I’ve also always said that the elevator pitch – that basic concept – is FOR YOU. It’s a mother with 100 daughters. The daughters arise anywhere your book concept touches the world. So, for example:
- Your query letter
- Your book blurb
- A two-line pitch on social media
- A conversation with an agent at our London Festival of Writing.
But also, for example:
- Your text itself
- Your opening page (and what it hints at in terms of the future)
- Choices you make about what and what not to include.
But also:
- Your book cover
- Your website
- Your Twitter profile (I’m not going to call that company by a stupid name just to please an erratic billionaire)
- Your Facebook ads (ditto).
Today, I thought it would be interesting to pick up the very last of those. Here, for example, is a Facebook ad for one of the Fiona books.

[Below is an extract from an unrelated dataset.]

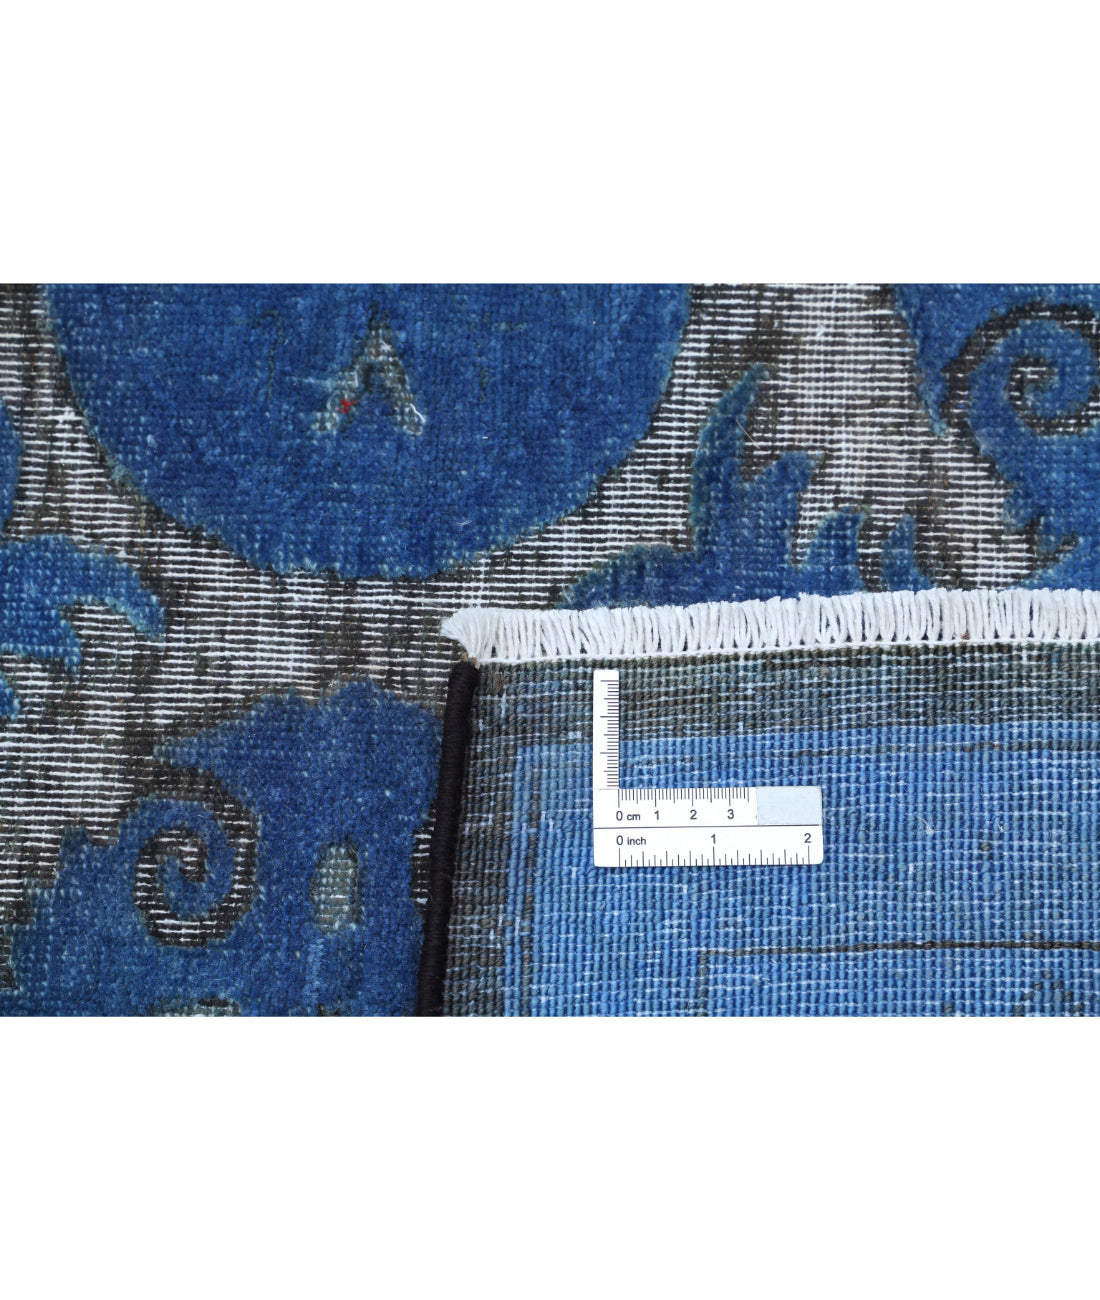 Onyx-Overdye-hand-knotted-tabriz-wool-rug-5013103-6.jpg

What’s the elevator pitch for that book? Well, all my pitches have two layers, I guess. There’s the series pitch (“Detective who used to think she was dead”). And there’s the individual book pitch, which in this case is something like “Dark religion + kidnap + remote Wales village”. That’s the pitch if you pick out the central ingredients. If you want a more conventional pitch, then “Woman, wearing bridal white, found dead in a country churchyard. Who is she? And why is she here?”
I hope you feel that the image above connects adequately with the pitch. It’s not that they say the exact same thing, but they live happily together – like lemon and mint.
Nearly all my ads use the same colour set – yellow and white text, dark monochrome image – because that basic mixture says noirish crime, with strong hints of seriousness. (Yellow and black together convey danger – it’s one of the standard colour sets of warning signs and crime tape.) Also, of course, the more consistency in the ads, the more casual users start to notice the brand on repeat viewings.
Here’s another ad for the same book:

That’s a more direct expression of the elevator pitch, but they’re both playing on the same basic turf. At the moment, both ads have roughly the same link click-through rate, so I can’t yet say which one will come out on top.
Or take another example, this time for the ($0.99) series opener.
Here, the elevator pitch is all about my damaged detective – who’s kinda nuts and used to think she was dead. The ad that’s worked best so far is this one:

The actual image there is pretty much bog-standard: tough, crimey woman + moody landscape. But the ad text tells you who that woman is: “Brilliant, quirky, damaged, fascinating.”
Again, that’s not a direct statement of the pitch, but it’s certainly a very clear echo. It makes you want to know more… and when you get to the actual book sales page, the basic offer expands from that exact starting point. The journey from ad to book page, to “look inside”, to purchase, should all be very clear, very consistent.
Another ad that has done well is this one:

That ad offers a landscape – a somewhat foreboding, Welsh-looking one. That establishes genre (moody, Celtic noir, crime), but it doesn’t say much directly about the pitch. But again, “Wales’ strangest detective” slaps the elevator pitch right there, up top.
Both those ads have done better than one that uses a really positive review as its central element. Take this ad, for example:

That ad has done OK… but it’s not been any kind of star performer. And I think that’s because its relationship with the elevator pitch is just too murky. OK, so Fiona Griffiths stars in some crime books. We’ve never met anyone like her. But… what? She’s super-girly? She’s a klutz? She’s half-robot? She speaks Ukrainian? She mostly works as a part-time hairdresser?
In terms of ads that really deliver readers – that is, ads that command the user’s attention from first sight through to completion of purchase – it’s been my experience that the pitch matters. That’s why your original concept matters so much, even before you’ve started to write a word. It’s why that concept matters so much when you’re selling, not just with the text you deploy, but the image composition too.
That’s it from me, my furry companion. May the grass lie softly for you and the air taste sweet.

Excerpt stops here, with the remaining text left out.